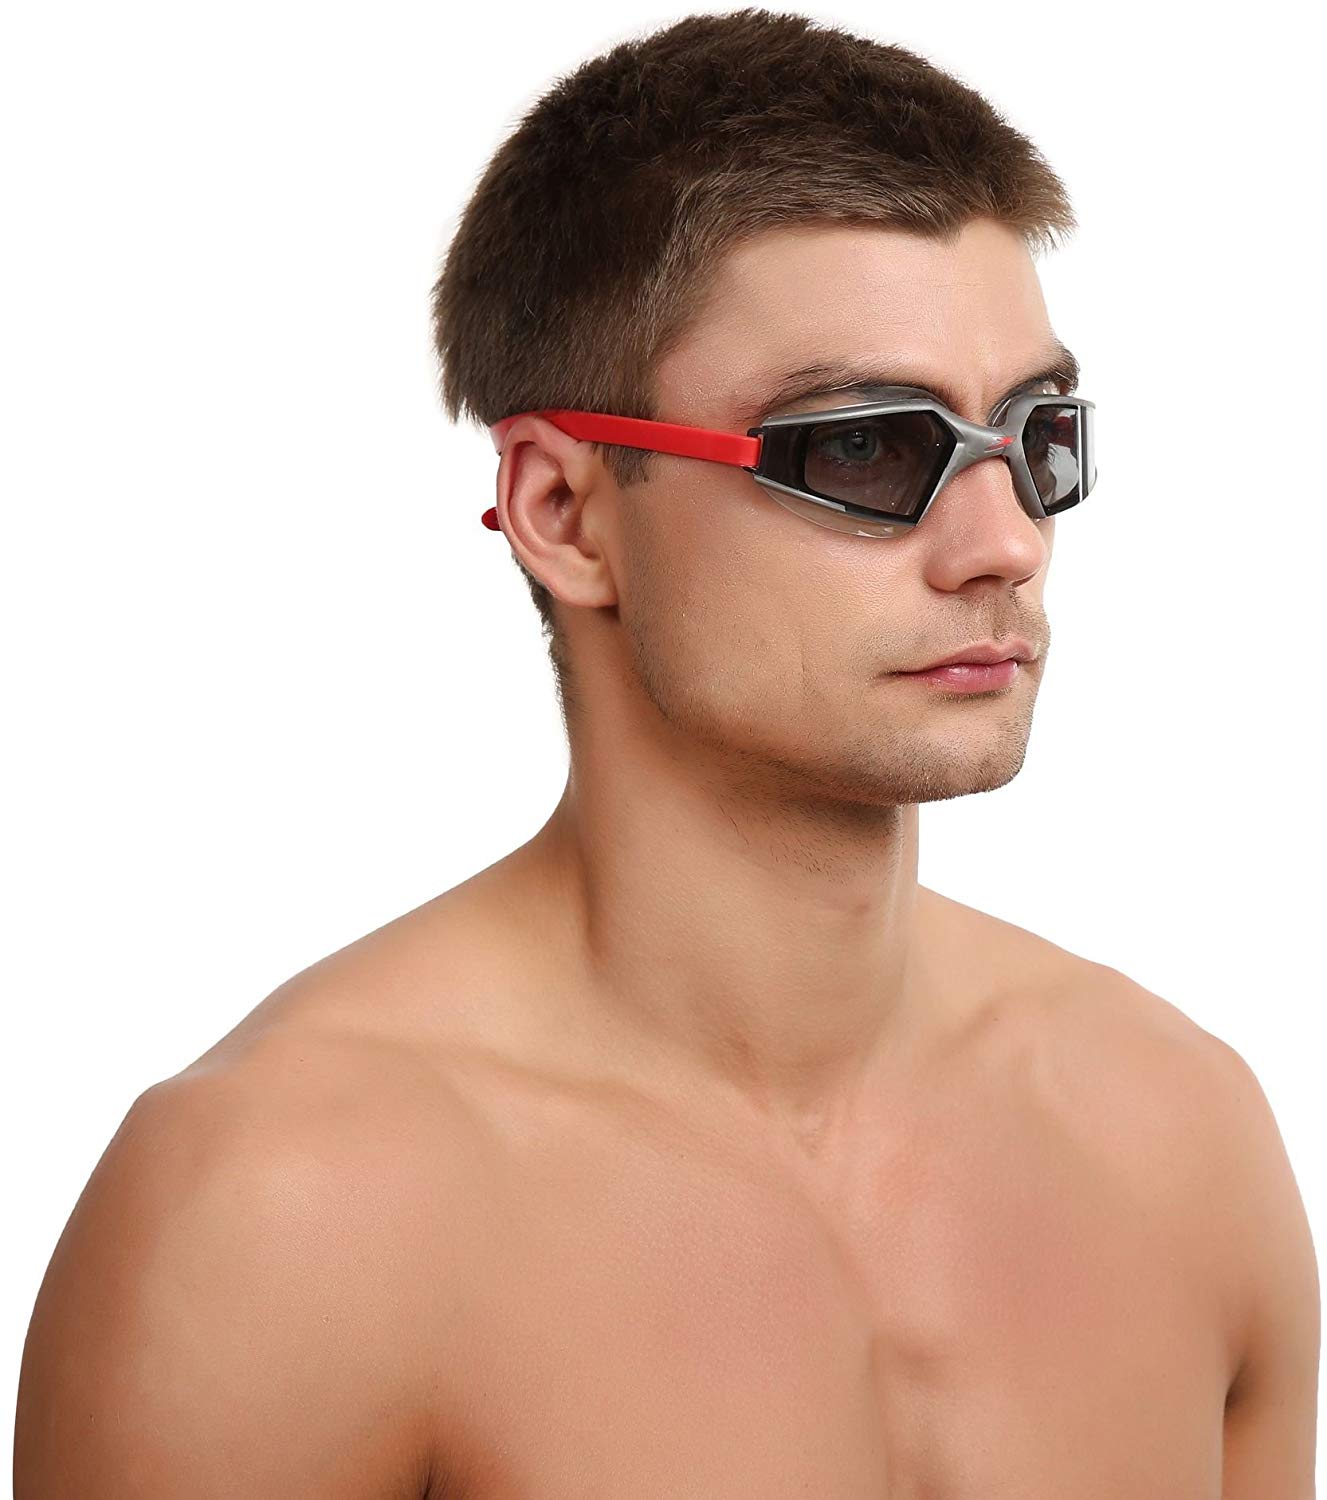 Speedo Unisex-Adult Aquapulse Max 2 Goggles - Best Price online Prokicksports.com
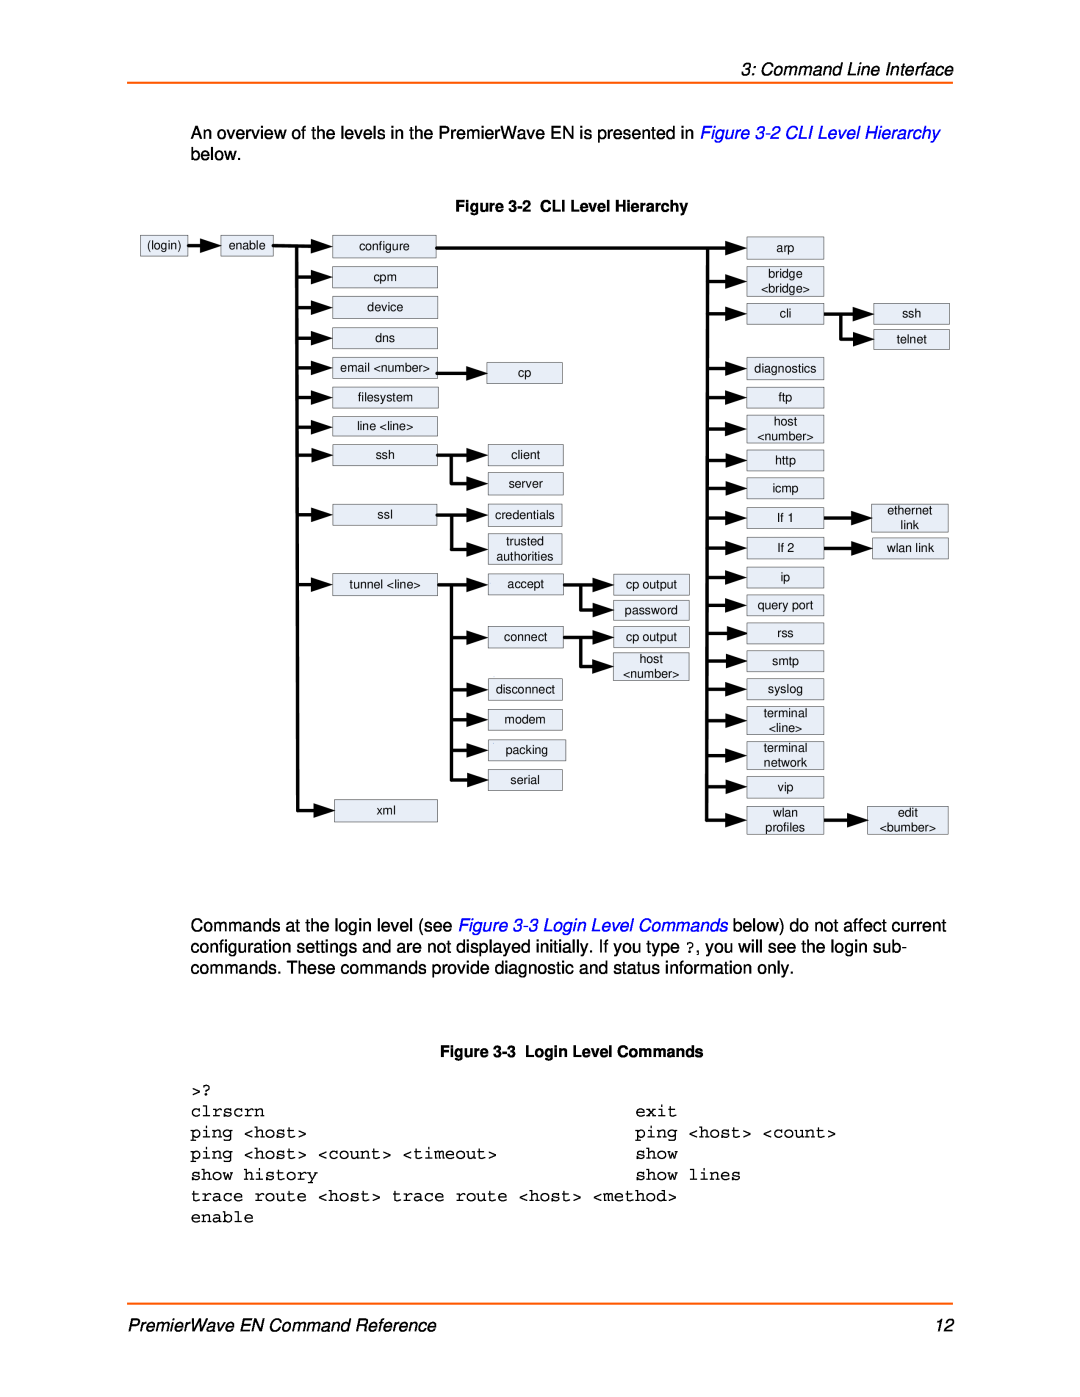 Lantronix 900-581 Command Line Interface, PremierWave EN Command Reference, 2 CLI Level Hierarchy, 3 Login Level Commands 
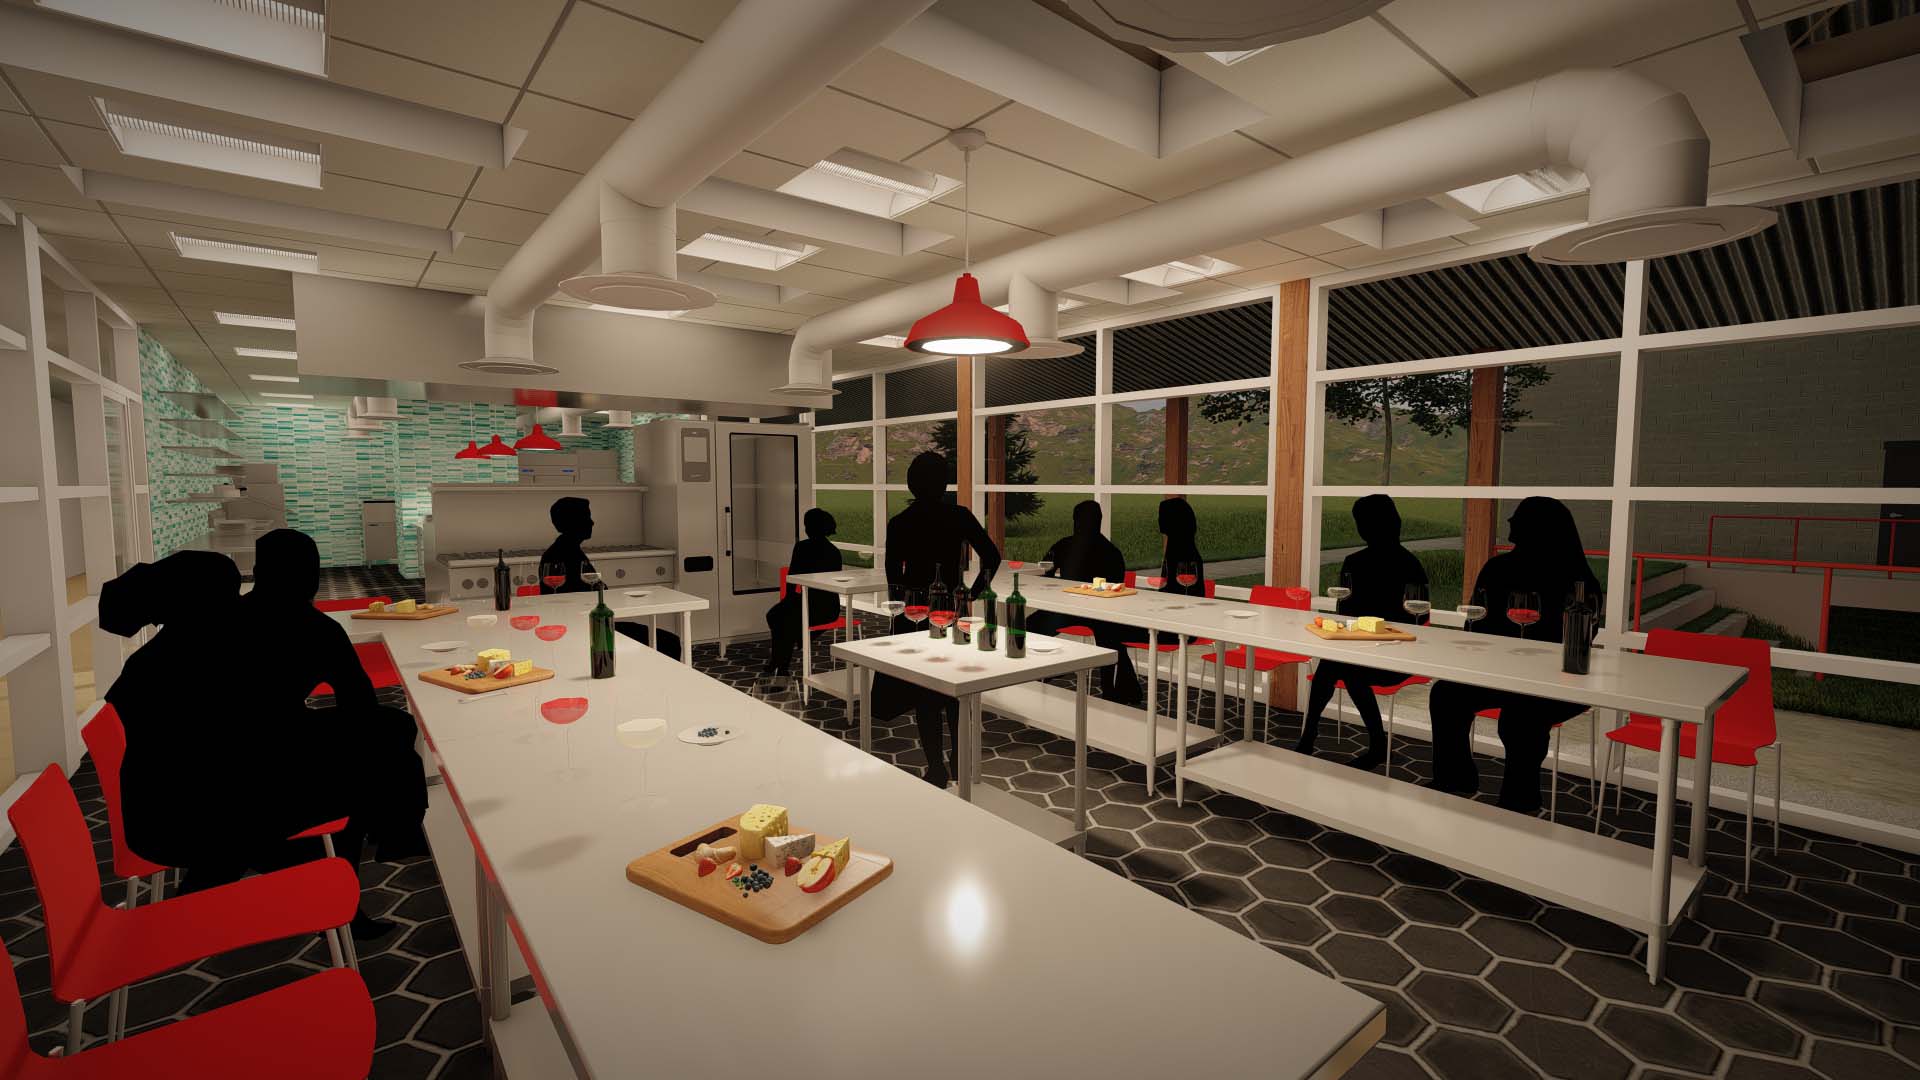 Interior rendering of proposed Aspen campus kitchen

### Task statement
Make an exact copy of the data above, pictures excluded.

### Written response
 Speedo Unisex-Adult Aquapulse Max 2 Goggles - Best Price online Prokicksports.com
 Lantronix 900-581 Command Line Interface, PremierWave EN Command Reference, 2 CLI Level Hierarchy, 3 Login Level Commands 
 Interior rendering of proposed Aspen campus kitchen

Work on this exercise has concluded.